## SOURCE MATERIAL

____________

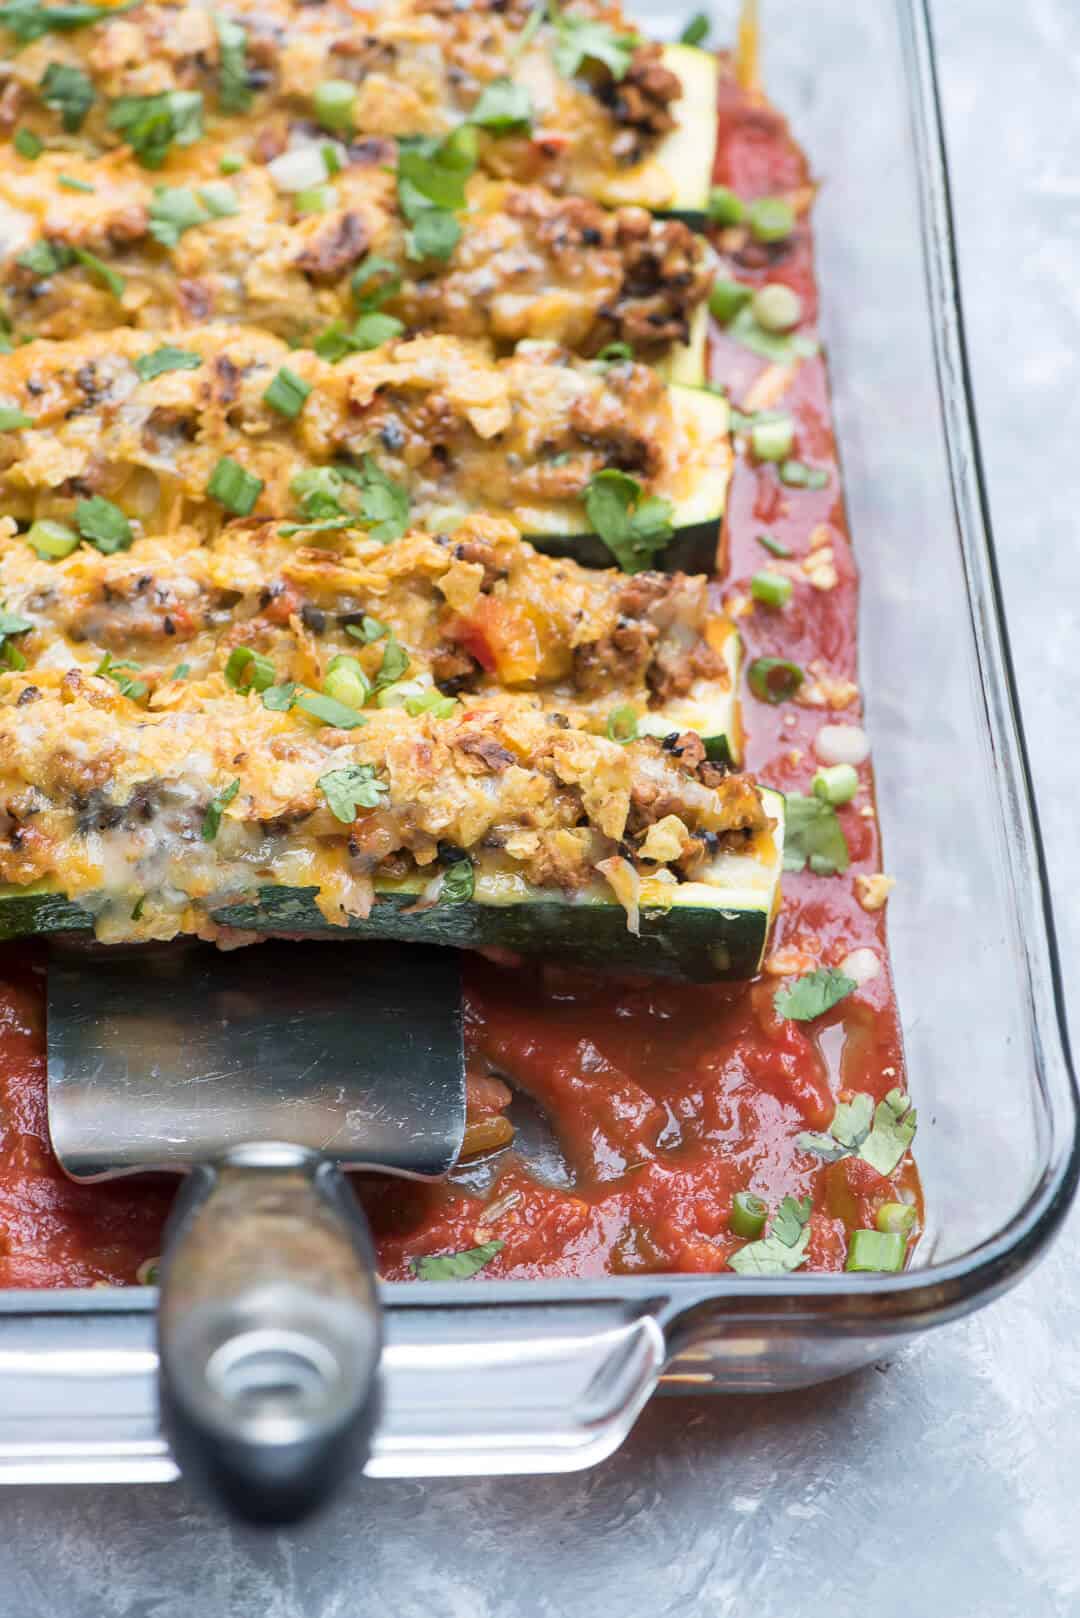 A spatula lifts one of the zucchini boats from the casserole dish.
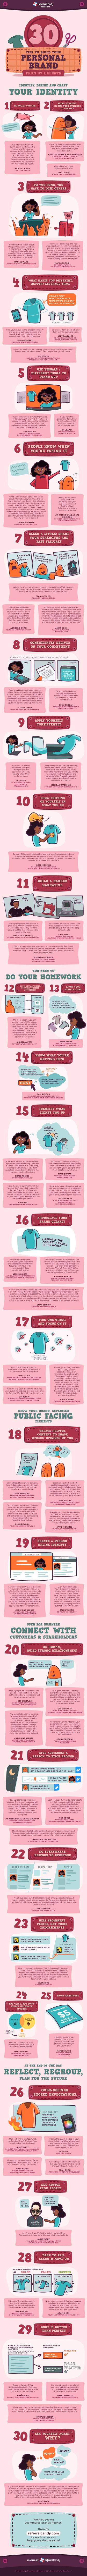 Digital-Marketing-30-Tips-To-Build-Your-Personal-Brand-From-37-Experts-infographic-Branding-M Digital Marketing : 30 Tips To Build Your Personal Brand From 37 Experts   #infographic #Branding #M...
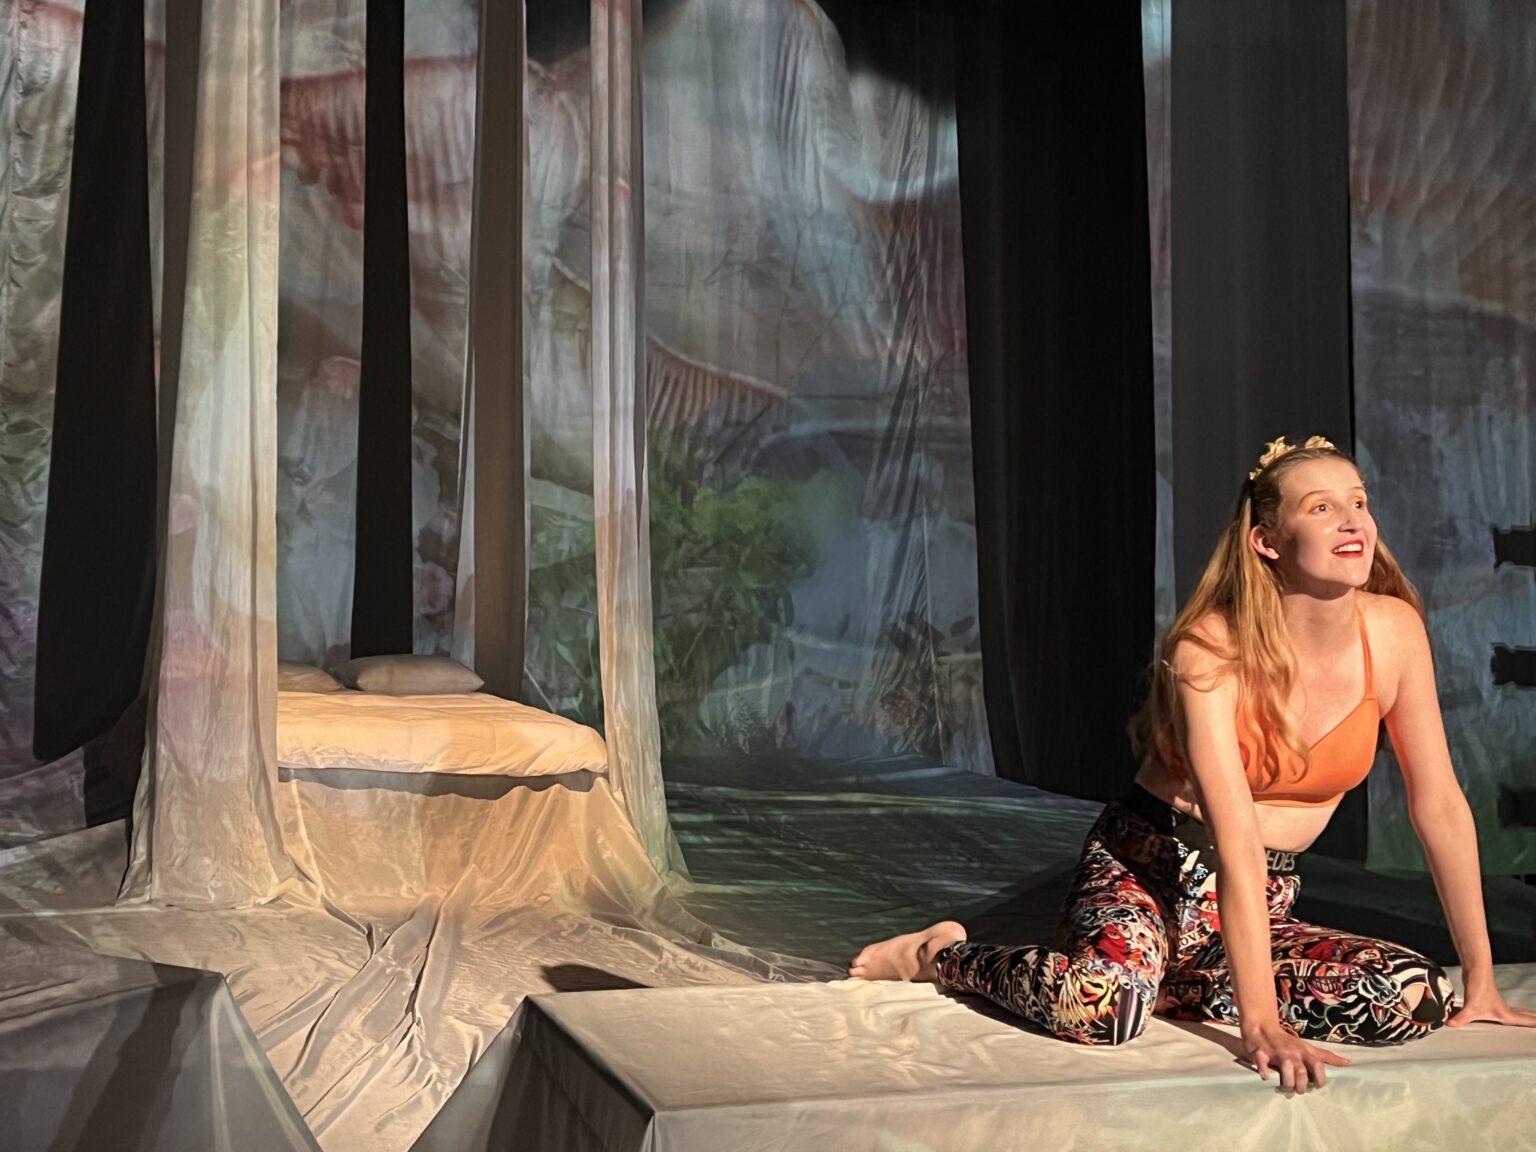 Western Washington University's version of Shakespeare's “Romeo and Juliet” shows Oct. 14–16 at the Performing Arts Center's Mainstage theater. Director Mark Kuntz says no swords will be involved in this rendition of the Bard's masterwork.

____________

## WHAT IS NEEDED
All lines from the one that contains "#infographic #Branding #M..." through the last line of the data should be retyped exactly, with the pictures left out.

## SOLUTION
 Digital-Marketing-30-Tips-To-Build-Your-Personal-Brand-From-37-Experts-infographic-Branding-M Digital Marketing : 30 Tips To Build Your Personal Brand From 37 Experts   #infographic #Branding #M...
 Western Washington University's version of Shakespeare's “Romeo and Juliet” shows Oct. 14–16 at the Performing Arts Center's Mainstage theater. Director Mark Kuntz says no swords will be involved in this rendition of the Bard's masterwork.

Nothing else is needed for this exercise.